## Exercise data
------------
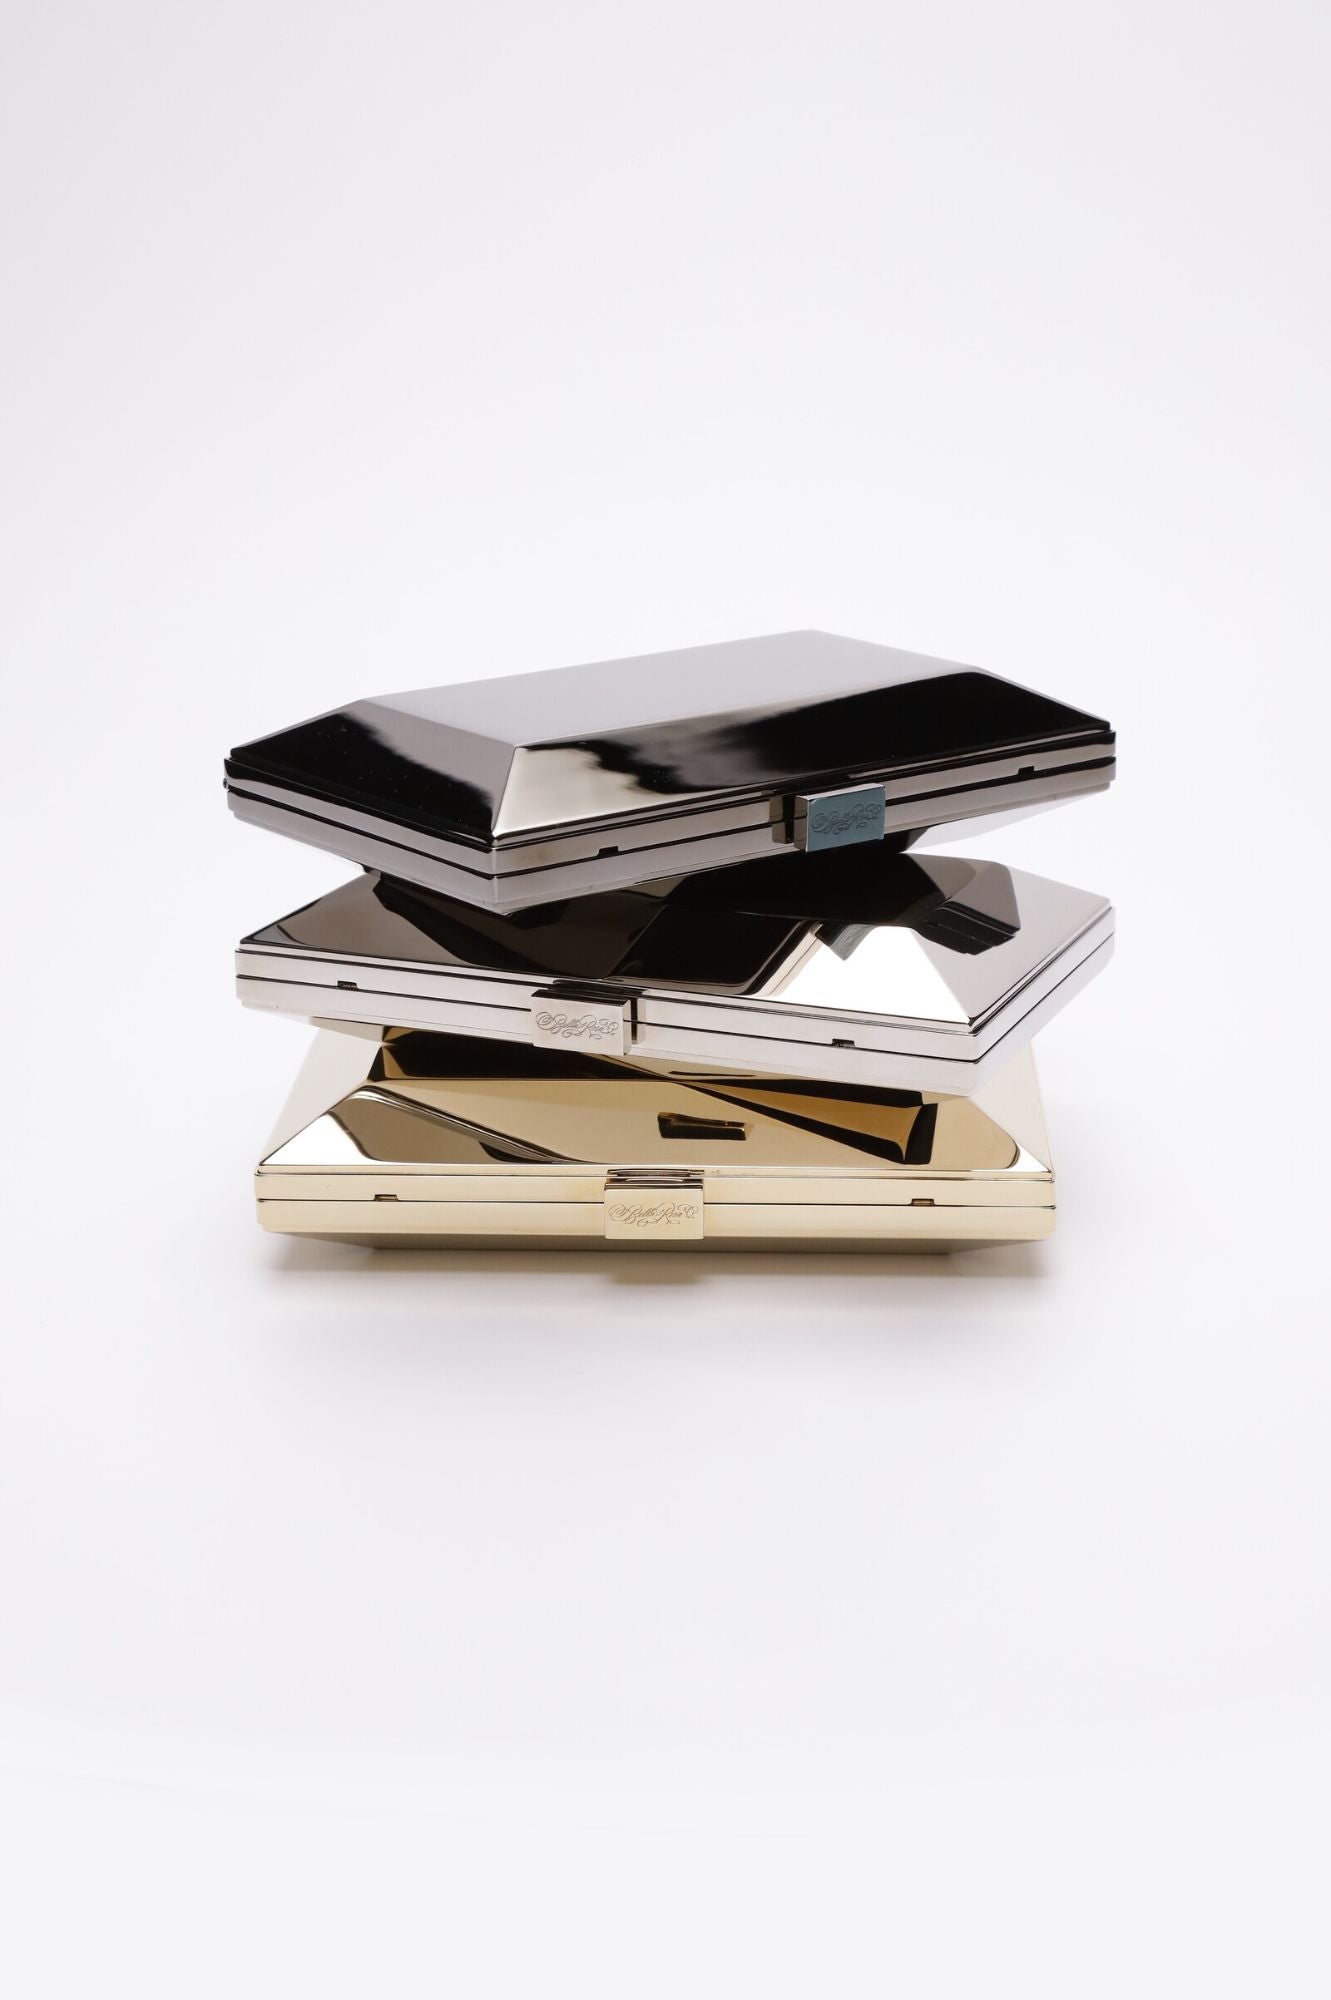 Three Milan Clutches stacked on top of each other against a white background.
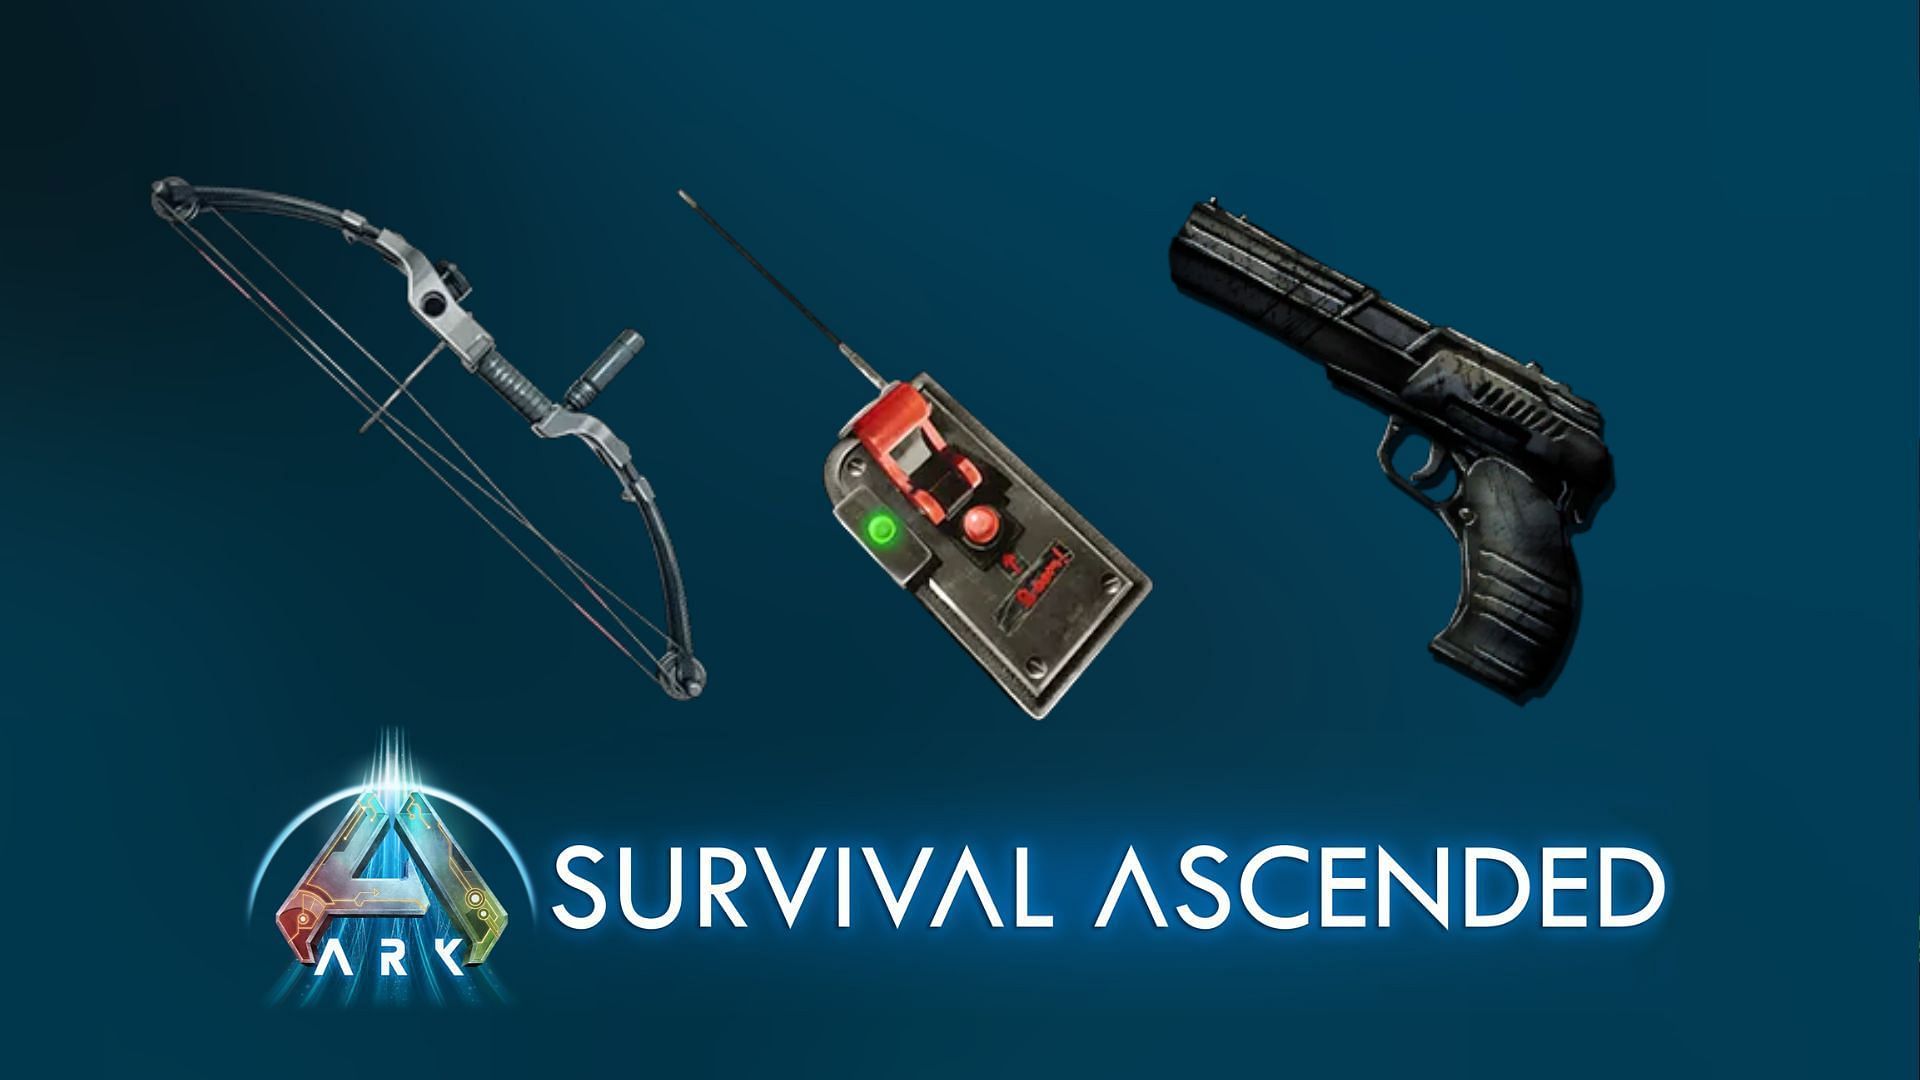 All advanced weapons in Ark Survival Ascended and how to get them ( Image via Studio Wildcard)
------------
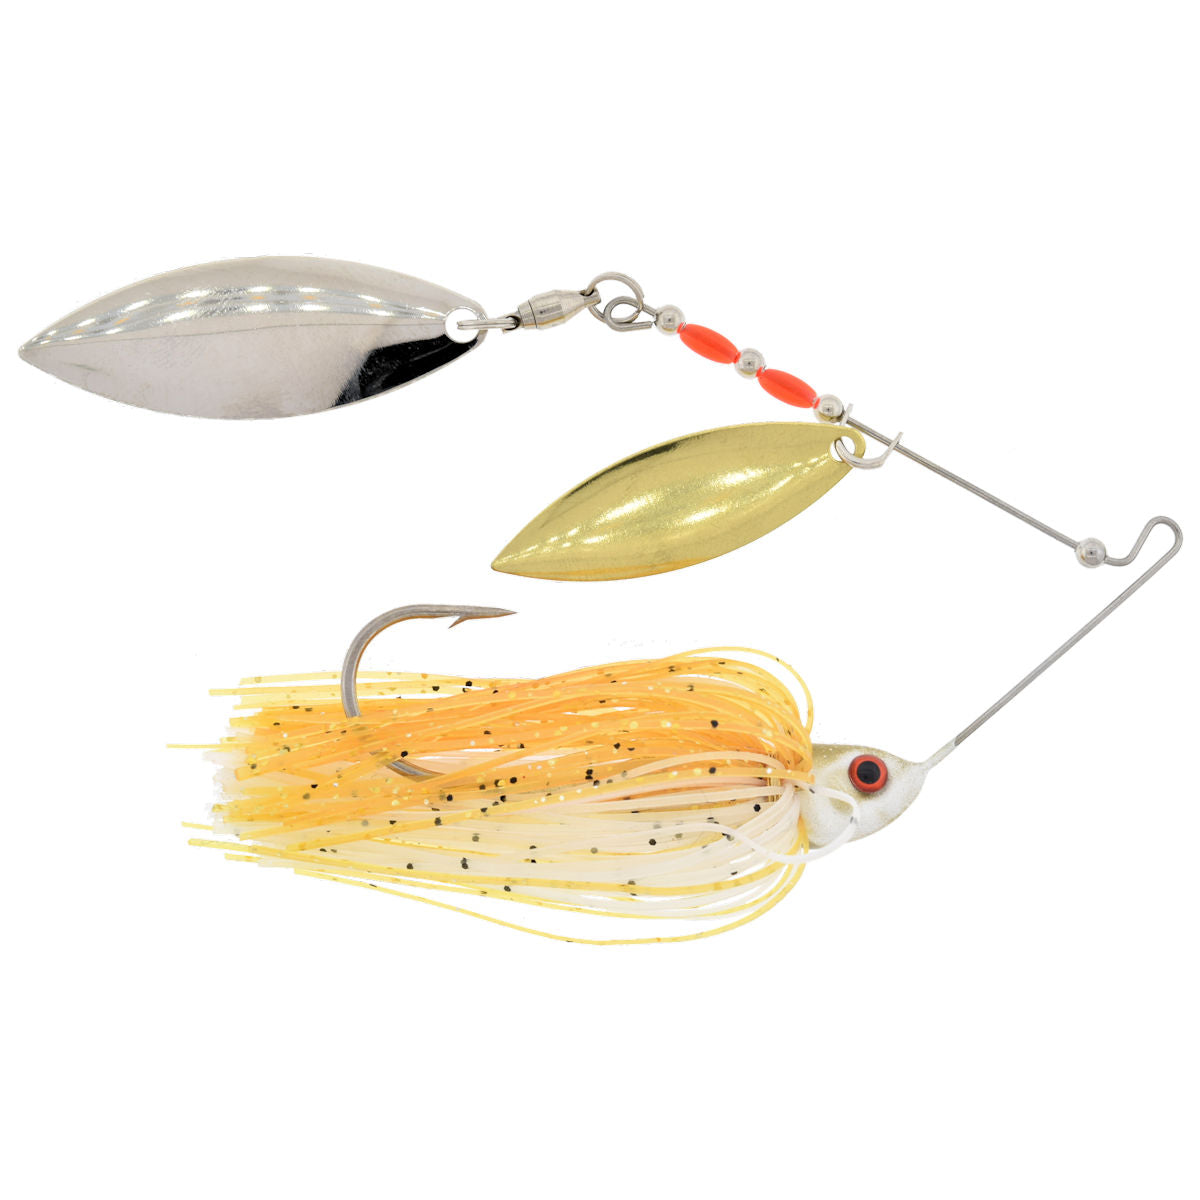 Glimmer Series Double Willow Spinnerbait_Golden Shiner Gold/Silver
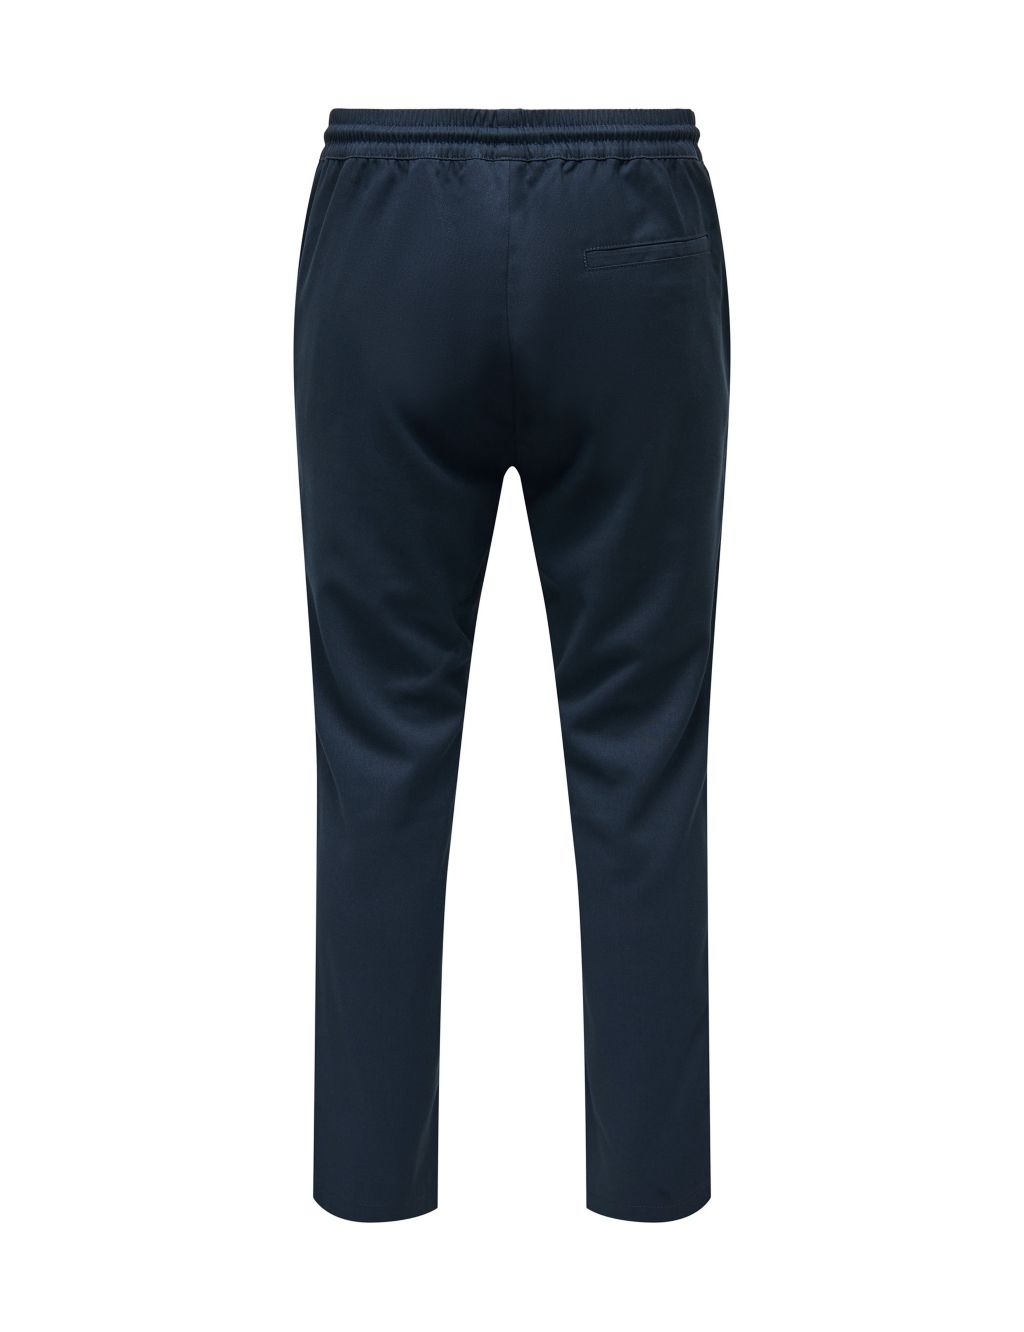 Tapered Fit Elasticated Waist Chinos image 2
------------
Using the records above, repeat exactly the run of lines that starts with the line with "Glimmer Series Double" and goes on through the line with "Tapered Fit Elasticated Waist Chinos image 2"; omit each picture.

 Glimmer Series Double Willow Spinnerbait_Golden Shiner Gold/Silver
 Tapered Fit Elasticated Waist Chinos image 2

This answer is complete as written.